Dheandra, sedang duduk memeluk Refi, yang masih dalam keadaan berduka saat ini, wanita itu tidak ragu untuk memberikan pelukan terhadap Refi, yang saat ini tengah menangis sesenggukan diperlukan Dheandra.
sementara Andra, merasa cemburu melihat kedekatan mereka saat ini tapi tidak mungkin melarang nya karena dia sendiri juga tidak tega melihat Refi, yang benar-benar terpukul saat ini.
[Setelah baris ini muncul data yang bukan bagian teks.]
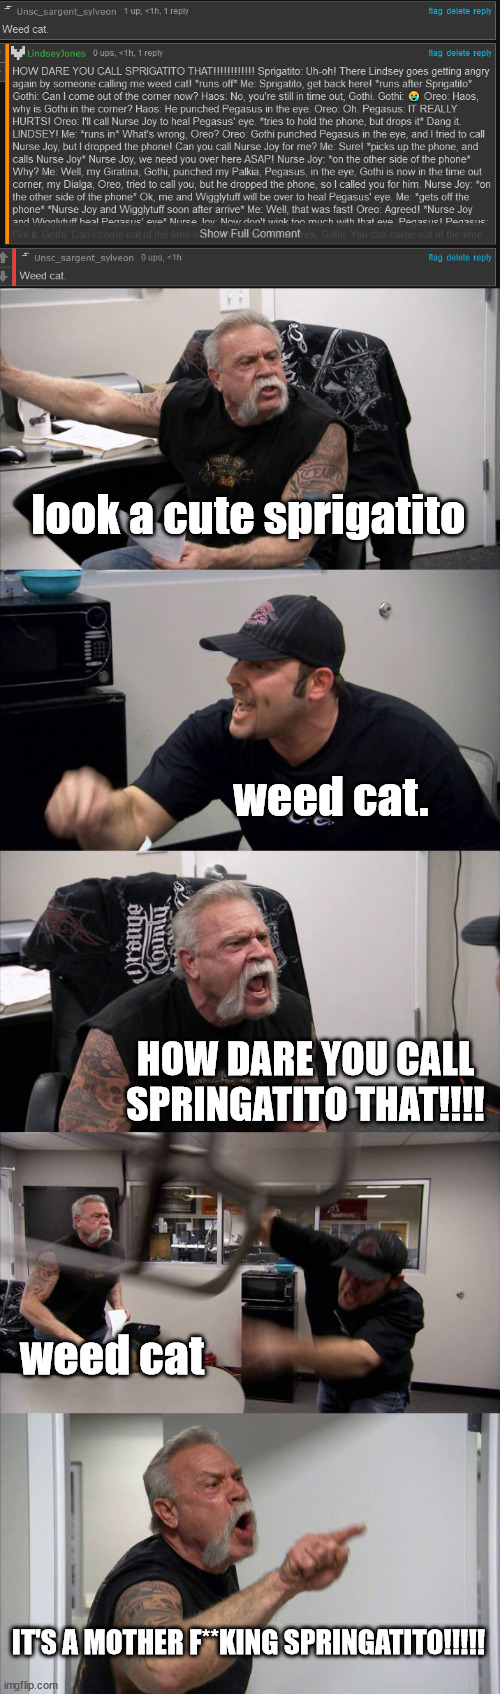 sylveon and lindesy be like | look a cute sprigatito; weed cat. HOW DARE YOU CALL SPRINGATITO THAT!!!! weed cat; IT'S A MOTHER F**KING SPRINGATITO!!!!! | image tagged in memes,american chopper argument | made w/ Imgflip meme maker

"Fi... Lo yang sabar ya, Lo masih punya kita disini ada gue juga kak Sindy yang akan selalu ada untuk Lo"ucap Dheandra lembut sambil mengelus punggung Refi, yang bergetar hebat karena tangis nya.
Dheandra terus berusaha menenangkan Refi, hingga pria itu tidak sadarkan diri saat ini, Refi memang sangat terlihat ceria di setiap hari nya tapi jika berkaitan dengan ibunya Refi, akan sangat lemah lembut, wajar saja karena pria itu terlalu mencintai ibunya, hingga dia tidak pernah mau disaat Daddy nya meminta dia menangani perusahaan.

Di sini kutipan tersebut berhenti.